The texts come from a variety of sources:

  • TV/Movies subtitles: (128 million words [128,013,334]). These come from the American part of the TV and Movies corpora. These subtitles are as informal (or more informal) than actual spoken data. The texts were taken from the OpenSubtitles collection. In cases where there were multiple subtitles files for a given TV episode (which was the norm), we used the "highest ranked" file, in terms of accuracy (from the ratings at OpenSubtitles).

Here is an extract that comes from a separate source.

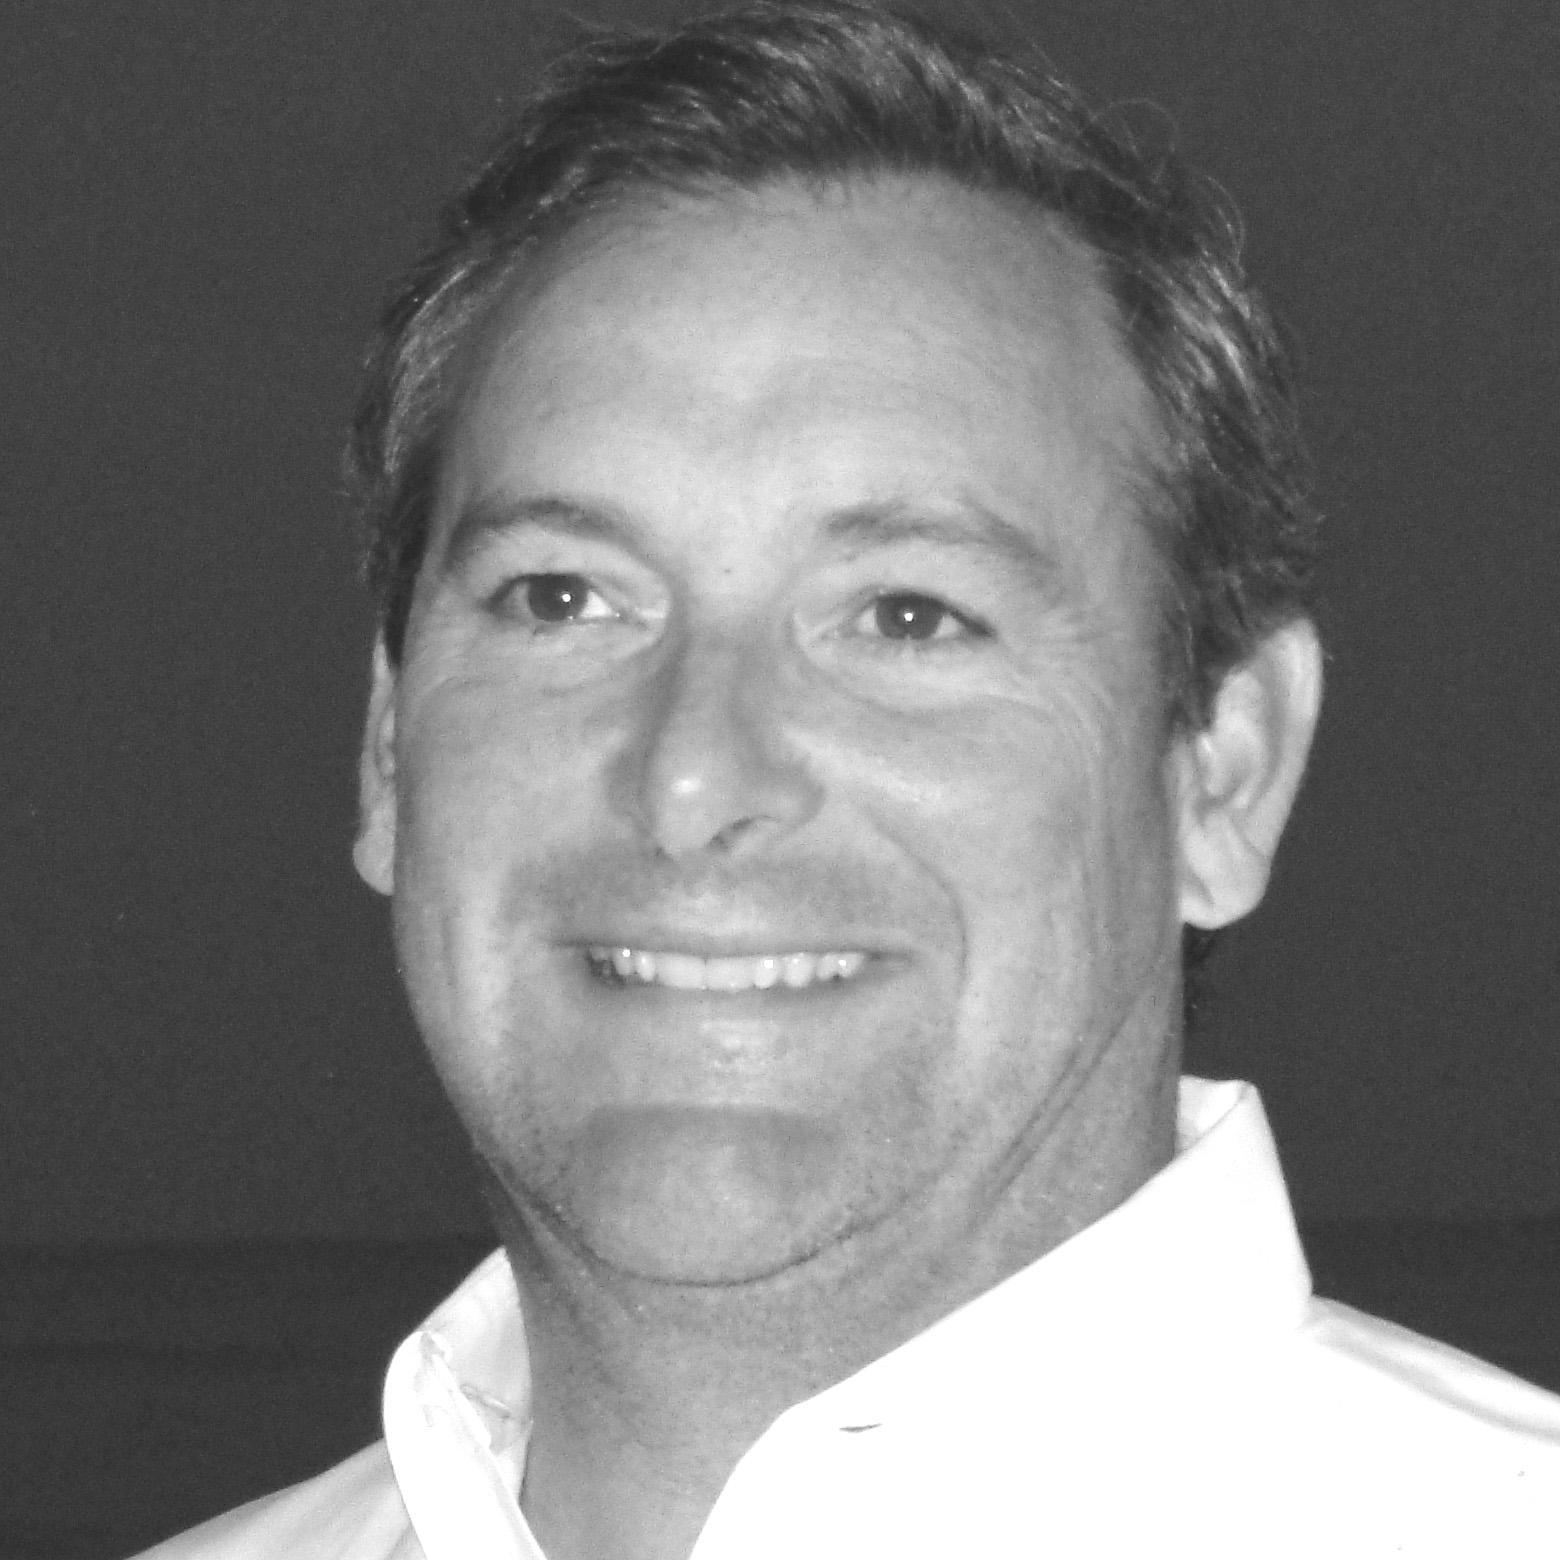 Joseph McErlean Profile Photo

  • Spoken: (127 million words [127,396,916]) Transcripts of unscripted conversation from more than 150 different TV and radio programs (examples: All Things Considered (NPR), Newshour (PBS), Good Morning America (ABC), Today Show (NBC), 60 Minutes (CBS), Hannity and Colmes (Fox), Jerry Springer, etc).

  • Fiction: (120 million words [119,505,292]) Short stories and plays from literary magazines, children’s magazines, popular magazines, first chapters of first edition books 1990-present, and movie scripts.

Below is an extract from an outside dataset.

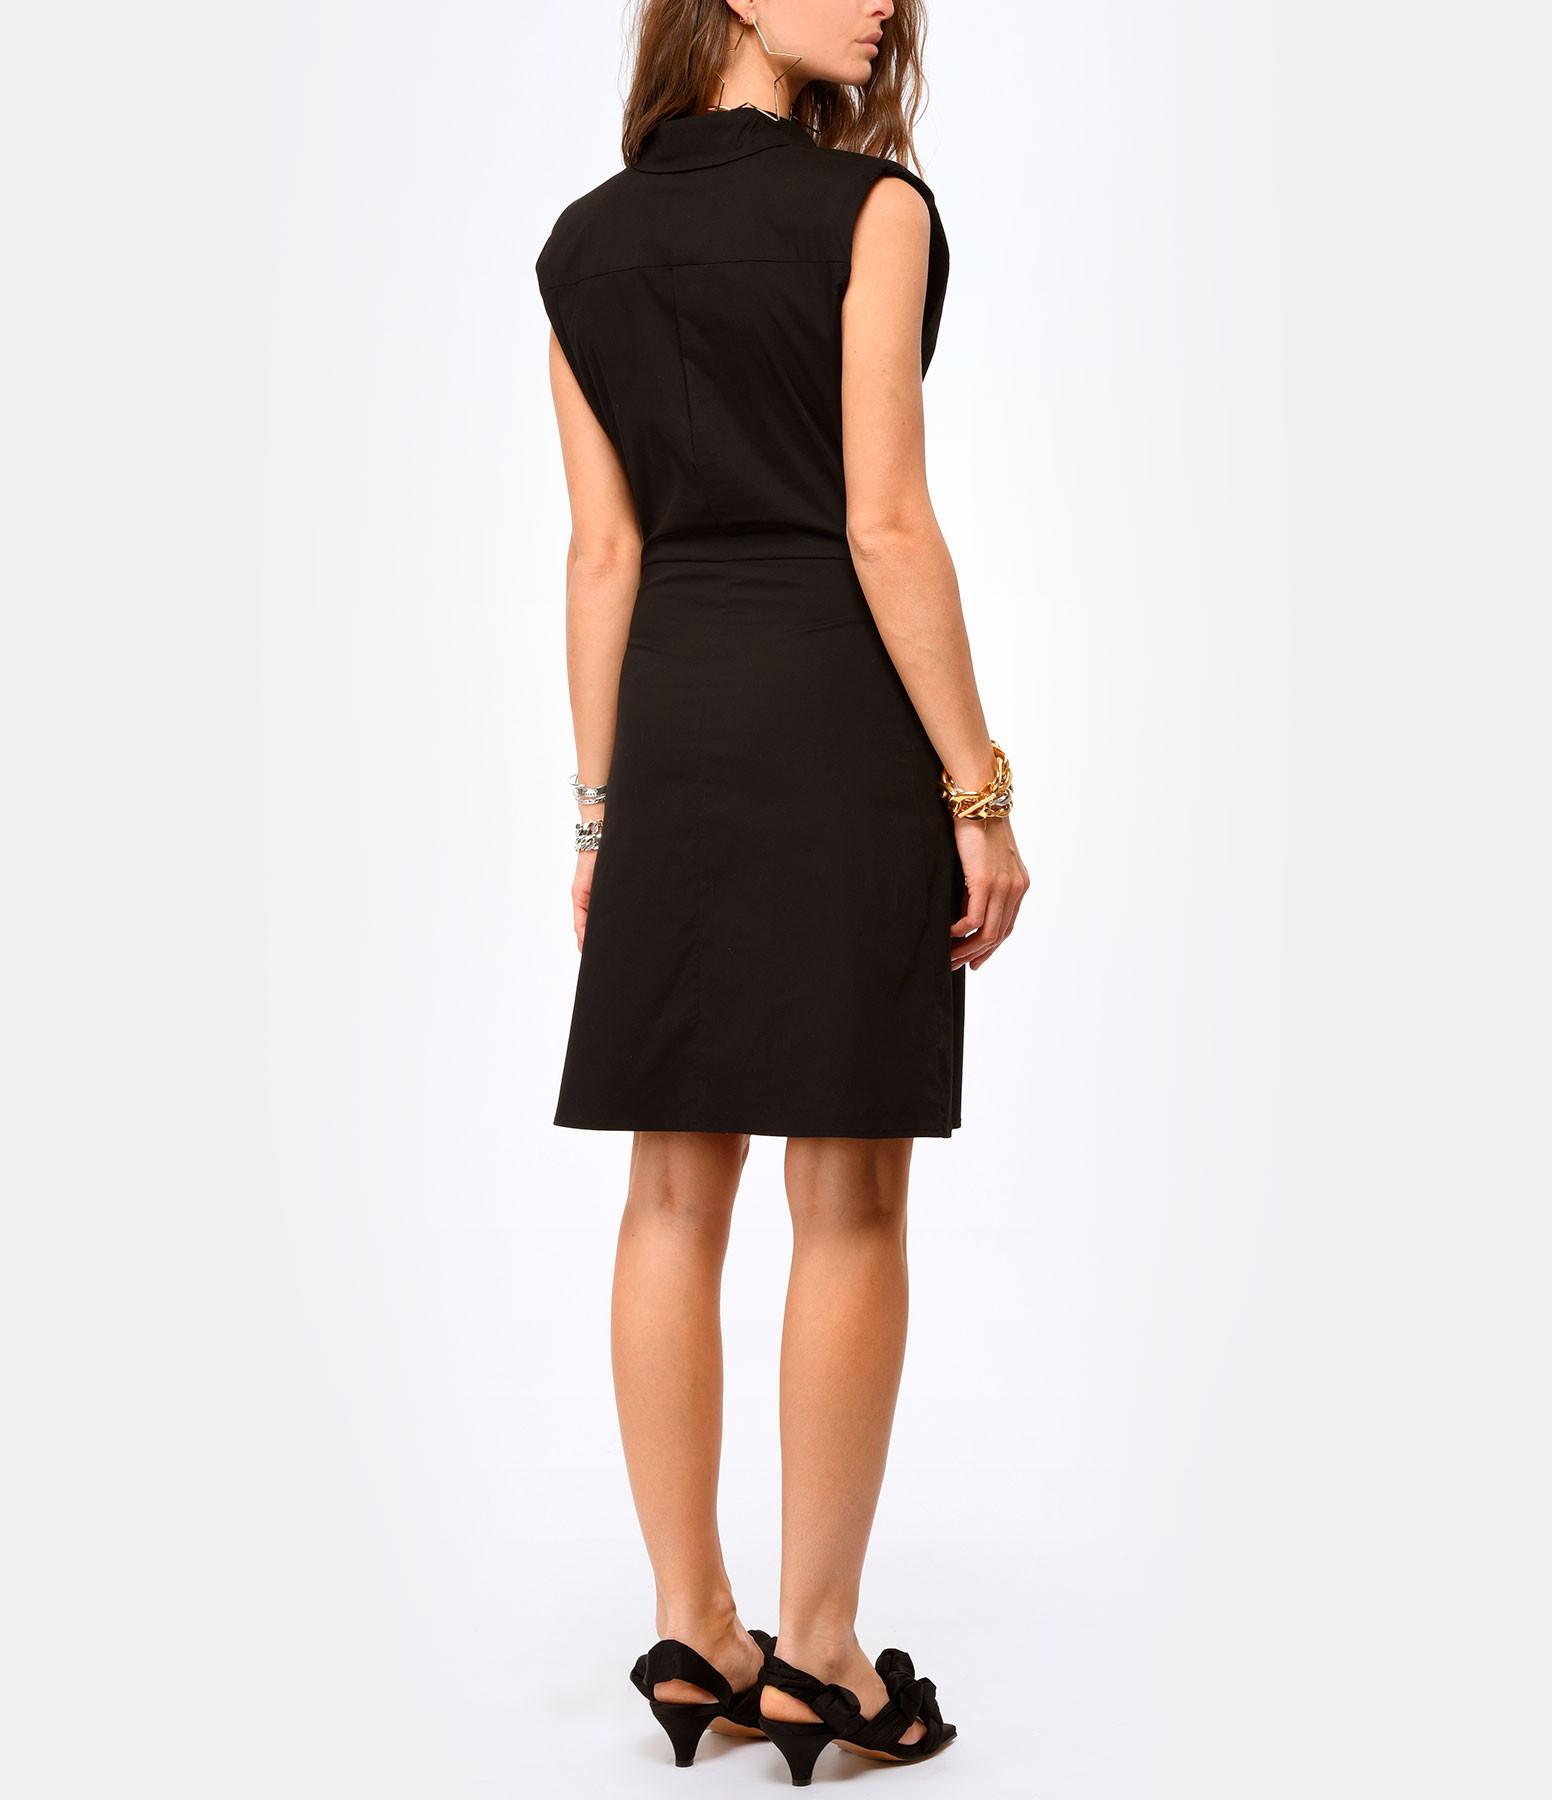 SEASONS - Robe Coton Noir

  • Popular Magazines: (127 million words [127,352,014]) Nearly 100 different magazines, with a good mix (overall, and by year) between specific domains (news, health, home and gardening, women, financial, religion, sports, etc). A few examples are Time, Men’s Health, Good Housekeeping, Cosmopolitan, Fortune, Christian Century, Sports Illustrated, etc.

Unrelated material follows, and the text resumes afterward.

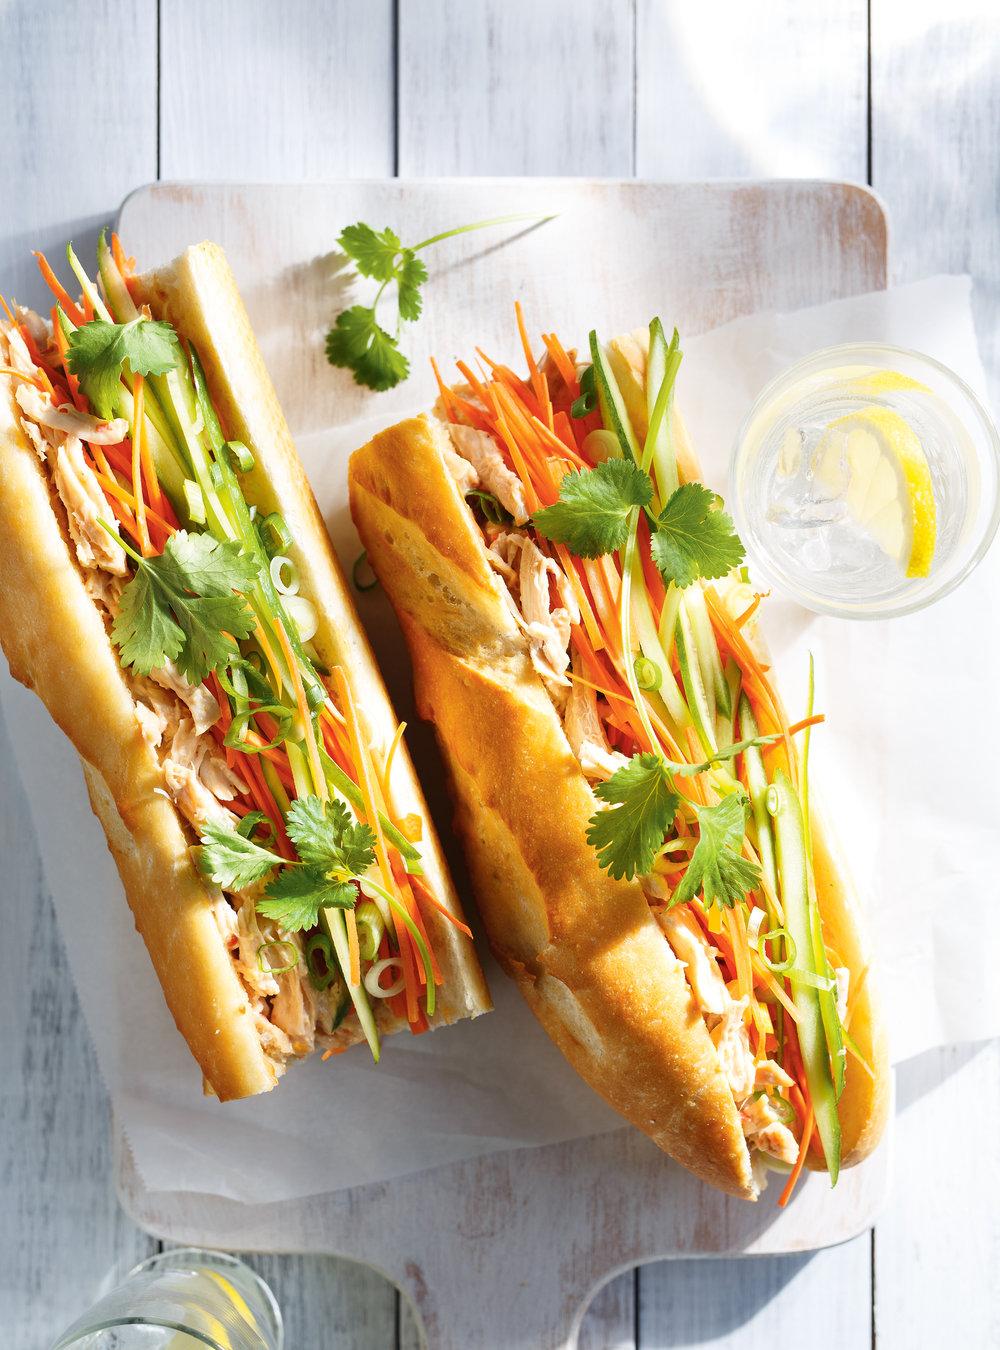 Sandwich au poulet la vietnamienne ricardo - Idee de sandwich froid ...

  • Newspapers: (123 million words [122,959,393]) Ten newspapers from across the US, including: USA Today, New York Times, Atlanta Journal Constitution, San Francisco Chronicle, etc. In most cases, there is a good mix between different sections of the newspaper, such as local news, opinion, sports, financial, etc.

  • Academic Journals: (121 million words [120,988,348]) Nearly 100 different peer-reviewed journals. These were selected to cover the entire range of the Library of Congress classification system (e.g. a certain percentage from B (philosophy, psychology, religion), D (world history), K (education), T (technology), etc.), both overall and by number of words per year.

  • Blogs: (125 million words [125,496,215]). These texts represent a subset of the texts from the United States in the GloWbE corpus. At that time, Google allowed searches to be restricted to blogs, so nearly all of these texts are actually blogs.

  • Web pages: (130 million words [129,899,426]). They represent a subset of the "General" texts from the United States in the GloWbE corpus. Some of these texts are actually blogs (there was no way to search "NOT blogs" in Google at that time).
    -- For both blogs and general web pages, these were subsequently categorized by Serge Sharoff, so that in COCA you can limit searches to a particular web genre.
    -- Note that these web and blog texts were all collected in Oct 2012, so they are more of a "snapshot" of this genre, rather than year by year (as above). As a result, they are not included in the "historical" data, when you compare the frequency across decades or year. All historical data (for each year 1990-2019) comes from the other six genres listed above.